My cousins in Berhampur who were active in student’s politics were constantly advised (read admonished) to play safe because murders became common. Campus violence was always sudden, unexpected, and often beyond the control of the authorities. Berhampur became the Badlands. The city was divided between two major groups. The youths were probably looking up to a Big Brother figure amid the political chaos of the late seventies. There was simmering anti-establishment angst which eventually gave Pratap Swain the gangster glamour.
Fables are galore, almost like folktales about his doings, many of them apocryphal and pure bogus. But the stories enthralled everyone. They had a hero in him –an almost mythic status. Godfather for some and Robinhood for others. But what exasperated me is that the media was completely silent about his misdoings. This was the same period when the Pathan Brothers, the Vardarajans, the Kaskars were fighting for turfs in Bombay. The tumultuous times had something to do with the rise in crime and crime lords in cities. They were deified, filmed, hero-worshipped so much that the next best transition for all of them was “social work” to gain legitimacy. Legitimate power and pelf.

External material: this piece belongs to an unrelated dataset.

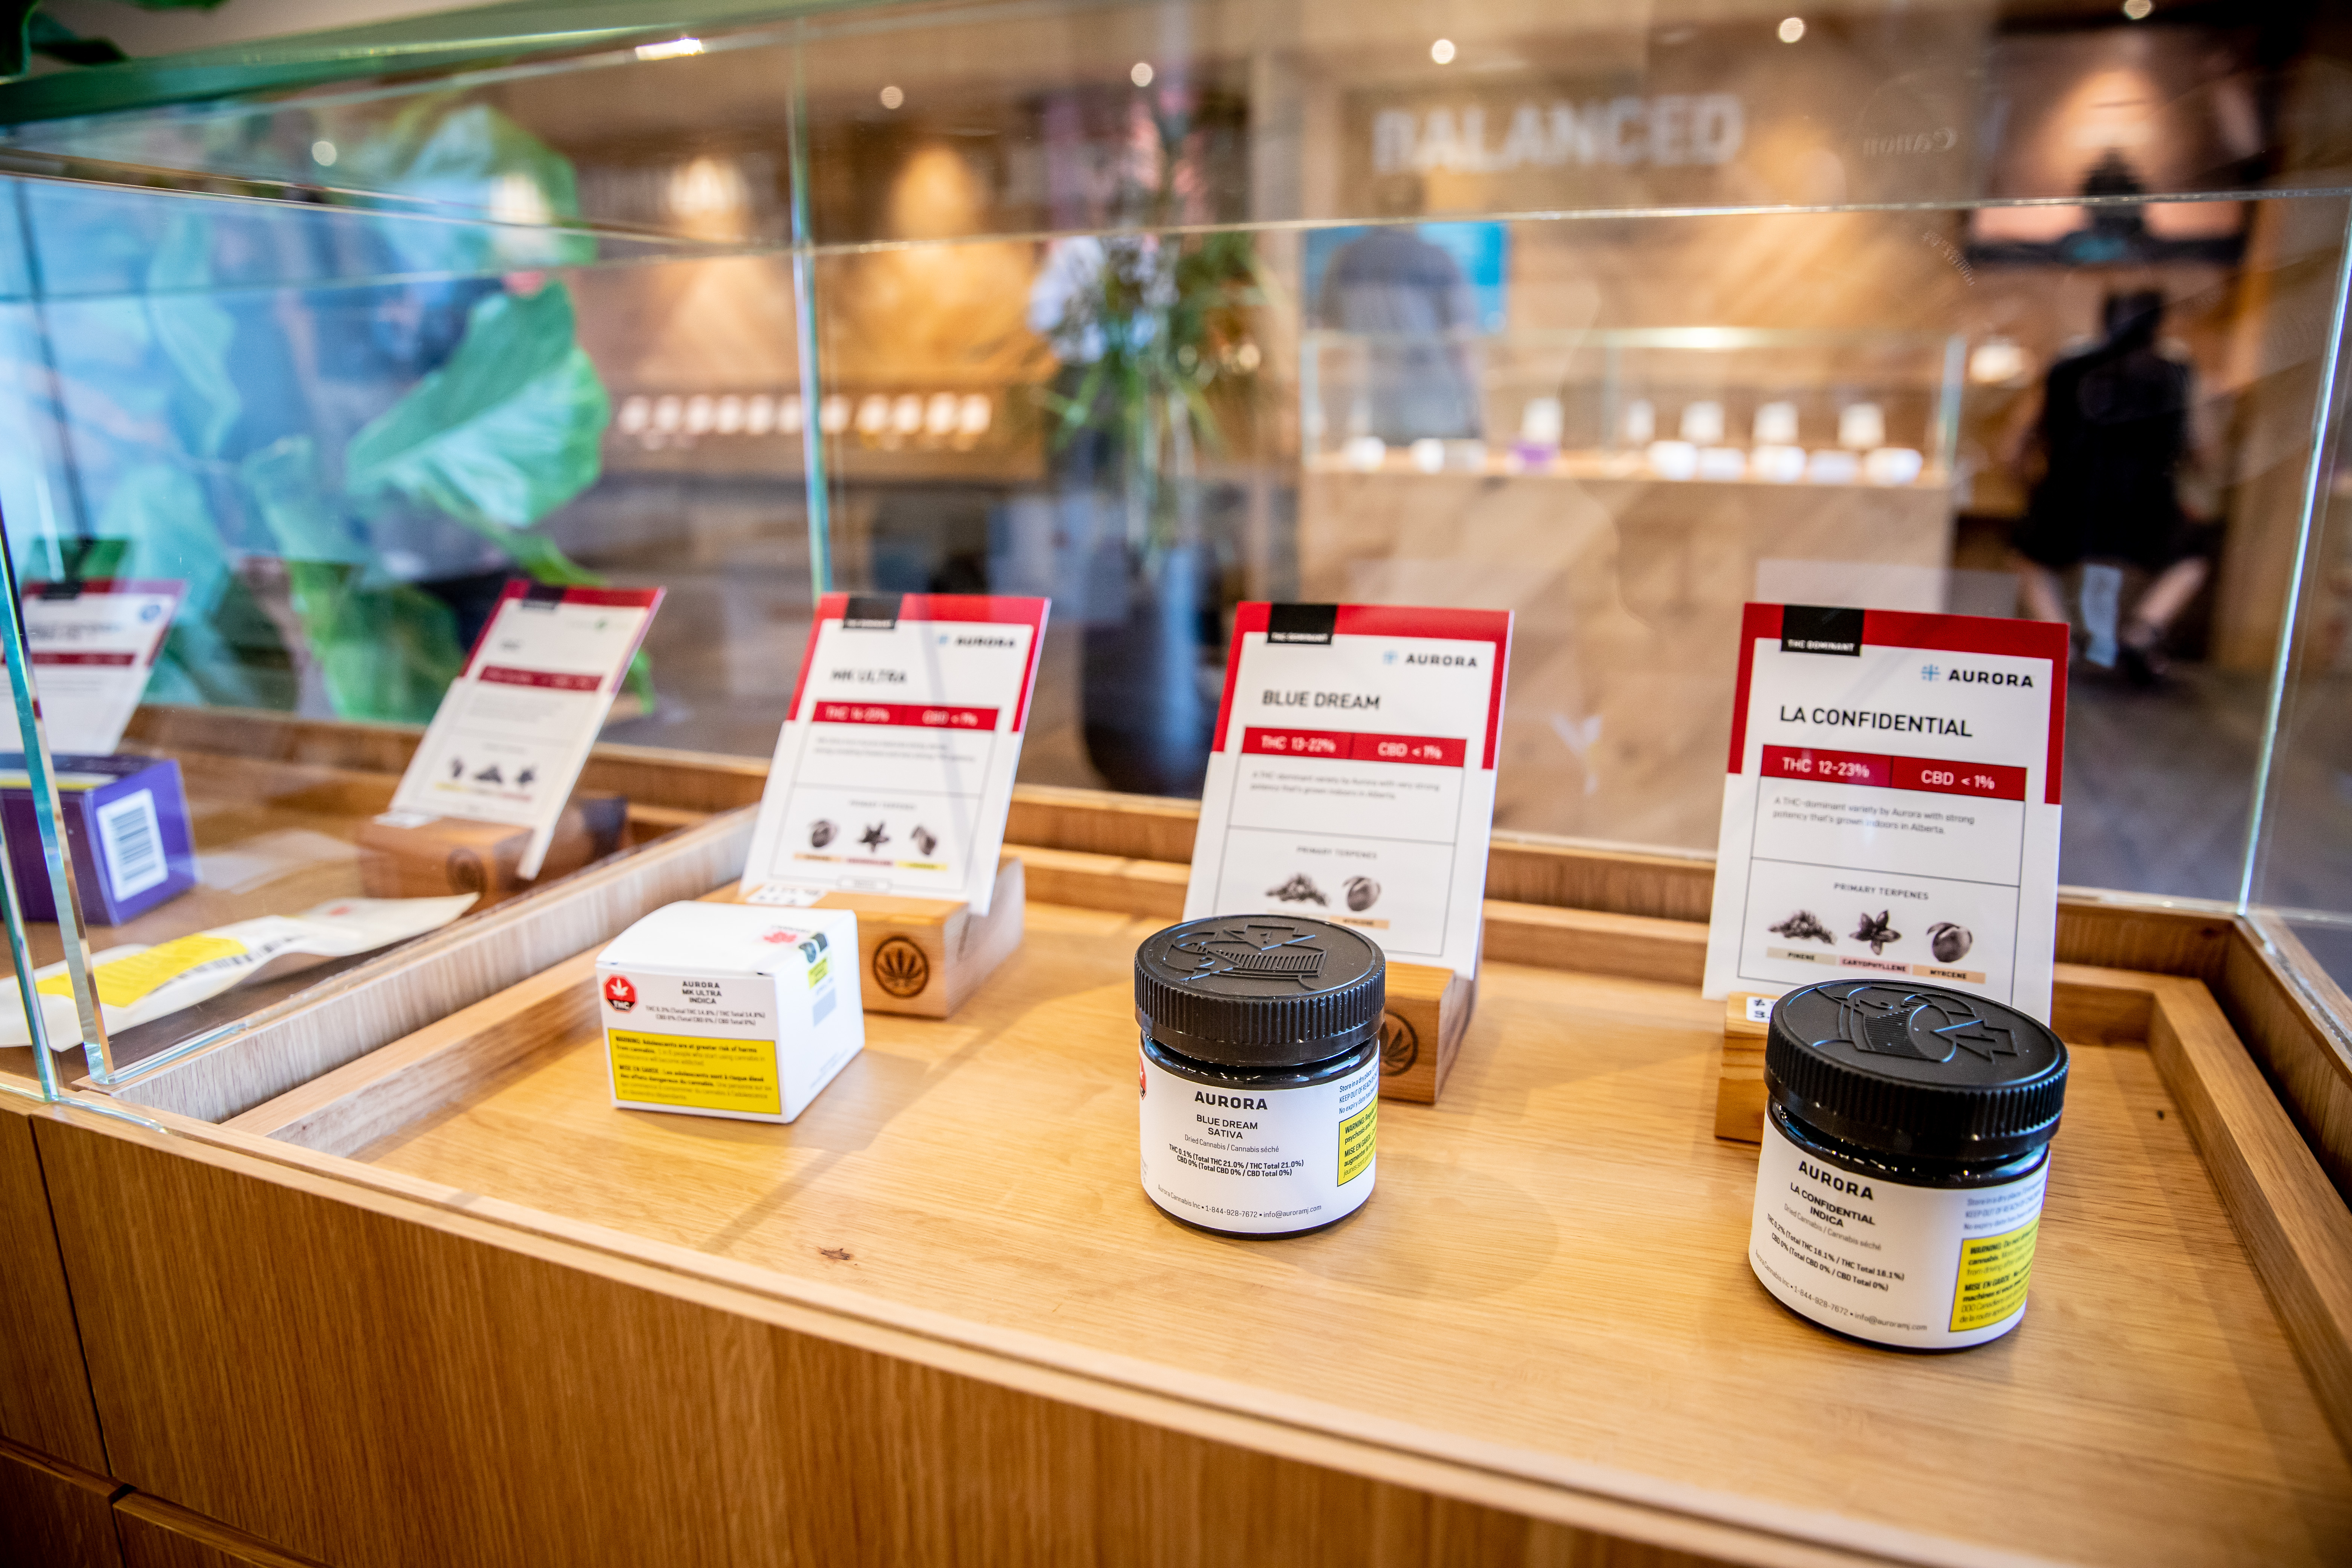 aurora cannabis choom retail display

Such was Pratap Swain’s rise in power circles that at one point, it is said, he was openly protecting (brushing shoulders & ringfencing in public) the Chief Ministers and Ministers in Ganjam and even those in Bhubaneswar. The Kataki gangsters were no match for the aura and raw power of Pratap. But alongside his own clan was planning a deadly coup. With power comes incautiousness and recklessness.
His death was gory, violent and on the road. Divine justice once again reassured that it touches everyone at the right time, whoever it may be. Someone has said that criminals do not die at the hands of the law. They die at the hands of other men. But what amazes me is our latent streak of criminality which manifests in hero-worshipping downright history sheeters and anti-socials. If they are anti-socials, why do we gawk at them in admiration? Is it because dark lurks in all of us and attracts us?